We’re just a day away from the Indiana primary, and if recent polls are correct, things aren’t looking good for those of us on the right who don’t want Donald Trump to become the Republican Party’s new standard bearer. The general feeling is that if Trump wins the state, he’ll almost certainly be awarded the presidential nomination at the national convention in Cleveland.
If that ends up being the case, what will be next for the #NeverTrump movement — that unwavering group of disillusioned Republicans and conservatives who view Trump as an indecent, terminally dishonest man who makes a mockery of the principles and issues they deeply care about?
An estimated 20-40% of Republican voters fall into this category, and contrary to what many Trump surrogates (both official and unofficial) have been saying, these people have made it clear that they won’t simply “fall in line” behind Trump to defeat their supposed common enemy, Hillary Clinton. In fact, a recent Suffolk University poll suggests that half of these voters might actually throw their support behind Clinton, deeming her to be the lesser of the two evils.
I must admit that I have a hard time believing that Clinton would be able to garnish that level of Republican support come November. Most right-leaning voters who are adamantly opposed to Trump are equally opposed to Clinton. They believe both to be undignified, unprincipled individuals who aren’t worthy of the Oval Office.
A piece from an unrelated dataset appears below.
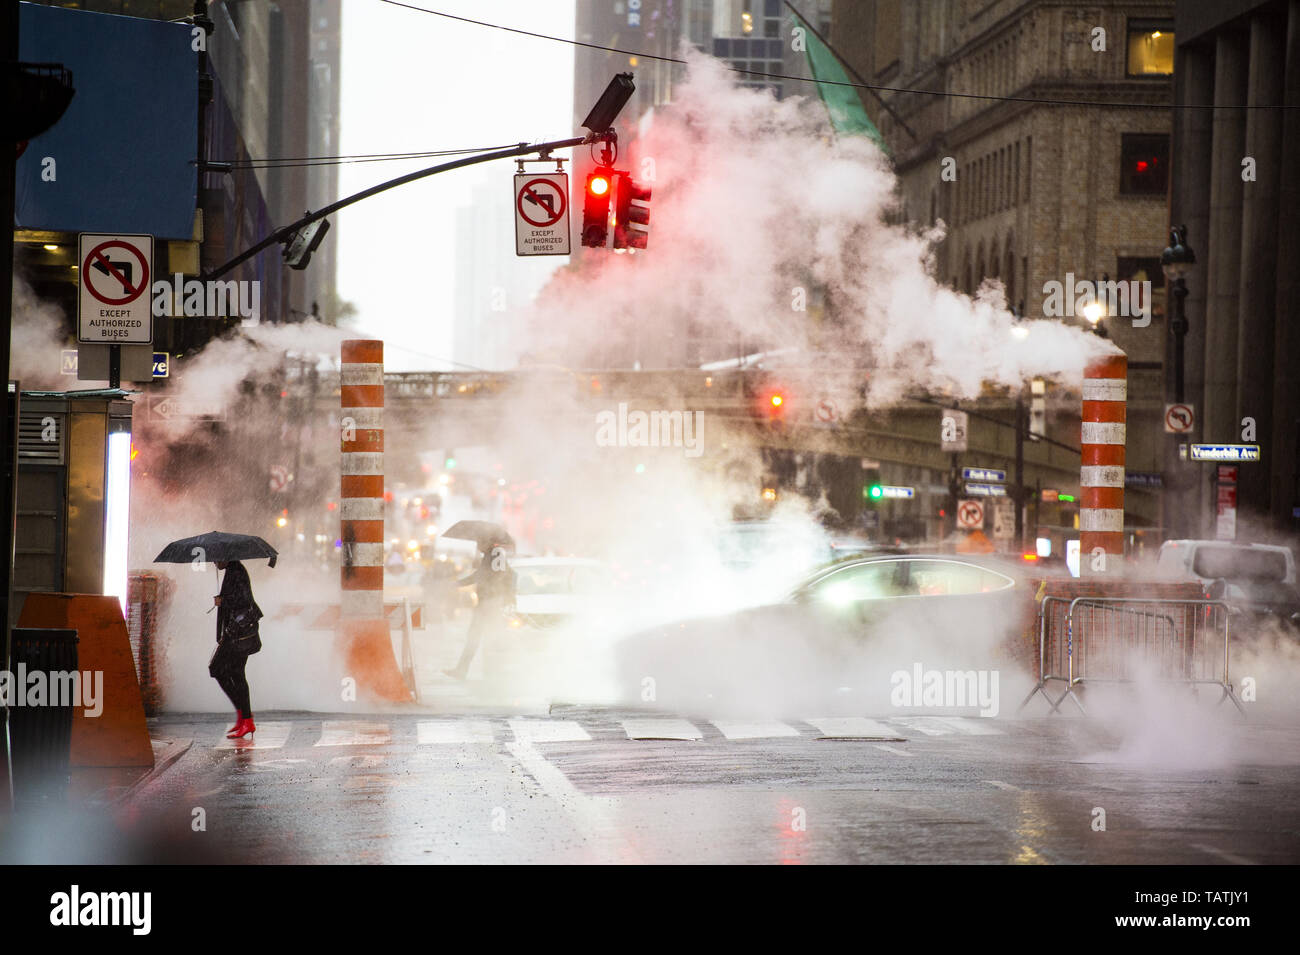 Une femme avec un parapluie et red High heels shoes est traversée de la 42e rue à Manhattan. Voitures et de vapeur sortant de l'égout. Banque D'Images

While most political analysts recognize a dire importance in Trump bringing the Republican Party together, the person most disinterested in the effort appears to be Trump himself. Up until now, his unification strategy has been limited to excoriating his opponents and benefiting from the slow attrition of the GOP presidential field. He seems to believe that if he’s the last man standing, party unity will have somehow been achieved.
Thus, if Trump becomes the nominee, don’t expect him to waste a single breath trying to win over the Republicans he’s turned off. He’ll view them as a lost cause, and he’d probably be right.
After all, you can’t smear your opposition as “establishment types” for months and months, and then expect them to suddenly turn around and cast a partisan vote for you — the establishment’s new leader. Even if Trump’s advisers talked him into choosing a vice presidential candidate with impeccably conservative credentials, it wouldn’t work. As George Will wrote in a recent column, Trump’s running mate will be viewed as being “unqualified for high office because he or she will think Trump is qualified.”
No, the unification ship has sailed…or perhaps was never seaworthy in the first place. The #NeverTrump crowd will be searching for another option (whether it be a write-in or third-party candidate) — someone who they can vote for, and still look their children in the eye afterwards.
It won’t matter so much whether or not their candidate has a prayer of winning, because, quite frankly, that candidate won’t win — not in our country’s two-party political landscape. Still, #NeverTrump people will want their discontent heard loud and clear, and they’ll probably eventually rally around the individual who can make the most noise.
The biggest beneficiary of the hopelessly splintered Republican Party (other than Hillary Clinton) would have to be Libertarian presidential candidate, Gary Johnson. The former two-term governor of New Mexico is a strong and proven fiscal conservative, and a believer in free markets. He’s a longtime advocate of entitlement reform and tackling the national debt. These qualities alone would make him a surprisingly unique candidate in this election, should Trump and Clinton become the nominees of their respective parties.
Equally interesting might be some facts that Jim Geraghty of National Review pointed out in a short piece earlier today:
- The Libertarian Party has already secured a spot on the ballot in 31 states.
- A presidential candidate must be polling at 15 percent or above in order to participate in this fall’s debates.
Some recent polls have shown that somewhere between 15 and 20% of voters would vote for a third-party candidate if the major-party nominees were Clinton and Trump.
So, if anything, the general election debates could at least provide a good platform for the #NeverTrump people to have one last voice of opposition in this contest.
Johnson would by no means be an ideal candidate for conservatives who believe in a strong military, but much of his plank and qualifications for the job might just be a compromise that many of them are willing to make.
A few days ago, Johnson posted a video appealing directly to the #NeverTrump folks. It was a smart idea, and unsurprisingly, he put forth an attractive message. Unfortunately, his presentation could use some work. A bedhead appearance, an odd snicker, and Dixieland music don’t make for a particularly effective rallying cry.
Luckily, he has some time to work on his pitch. We’ll see if he makes the best of this opportunity.